Alternatively, in another embodiment of the image restoration step (S500) according to another exemplary embodiment of the present invention, image restoration is sequentially performed N times, but when restoring an Nth image, the first to Nth differential microwave signals are A weight is applied and the remaining weight is set to 0 to perform image restoration, and the N-1 th image restoration result may be used as an initial condition for the N th image restoration result. For example, when restoring the first image, a weight w _N+1 may be assigned to the first difference microsignal 811 while the weights other than w _N+1 are set to 0, thereby performing one image restoration. When restoring the second image, the weights excluding w _N+1 and w _N are set to 0 and the first image restoration result is set as the initial condition (I _initial ), and the weight w _N to the first difference micro signal 811 ₊₁ and weight w _N to the second difference microsignal 812 By assigning it, the second image restoration can be performed. When the third image is restored, the weights other than w _N+1 , w _N , and w _N-1 are set to 0, and the second image restoration result is set to the initial condition (I _initial ). A weight w _N+1 is given, and a weight w _{N is applied} to the second differential microsignal 812 And a weight w _N-1 to the third difference micro-signal 813, and a series of sequential image restorations may be performed in the order of performing the third image restoration.

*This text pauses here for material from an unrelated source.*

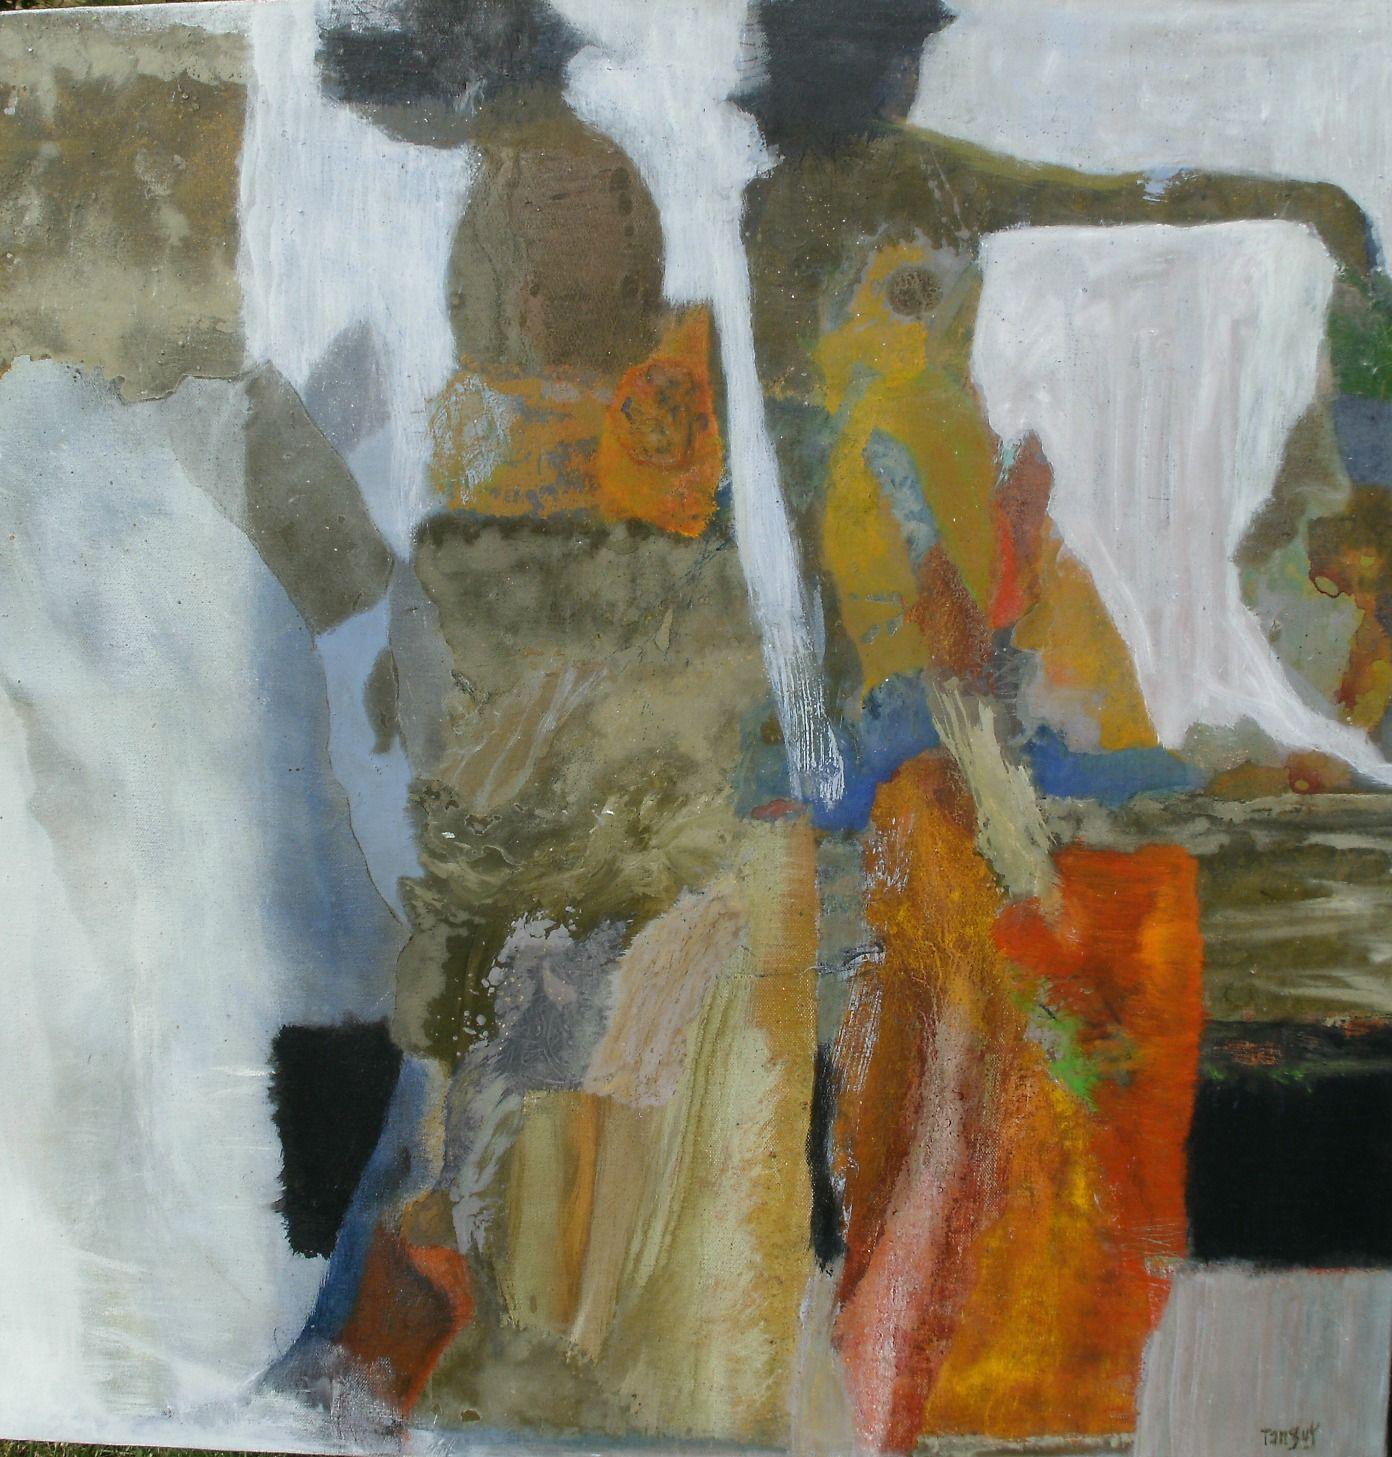 Tanguy Kan · Artiste Peintre Artiste peintre, Peintre

In the breast cancer detection method according to another embodiment of the present invention, after the microwave signal dividing step (S200), a plurality of first microwave signals (a _N ^means , d _N ^means , d _N-1 ^means ,..., d ₁ ^means ; Based on the measured microsignal), a breast cancer determination step (not shown) of determining that breast cancer is present in a portion indicating a value greater than or equal to the threshold value may be further included. For example, the threshold value may be a value that can be determined to be a tumor based on microwave signals measured in advance for each frequency in a breast without a tumor (normal breast). Alternatively, the threshold value may be a value that can be determined to be a tumor based on values obtained by giving a predetermined weight to microwave signals measured in advance for each frequency in a breast without a tumor (normal breast). Or, the threshold value is the plurality of second microwave signals (a _N ^calc , d _N ^calc , d _N-1 ^calc ,..., d ₁ ^calc ) and the first microwave signal (a _N ^means , d _N ^means , d _N-1 ^means ,..., It may be a value that can be determined as a tumor based on the difference value of d ₁ ^means) .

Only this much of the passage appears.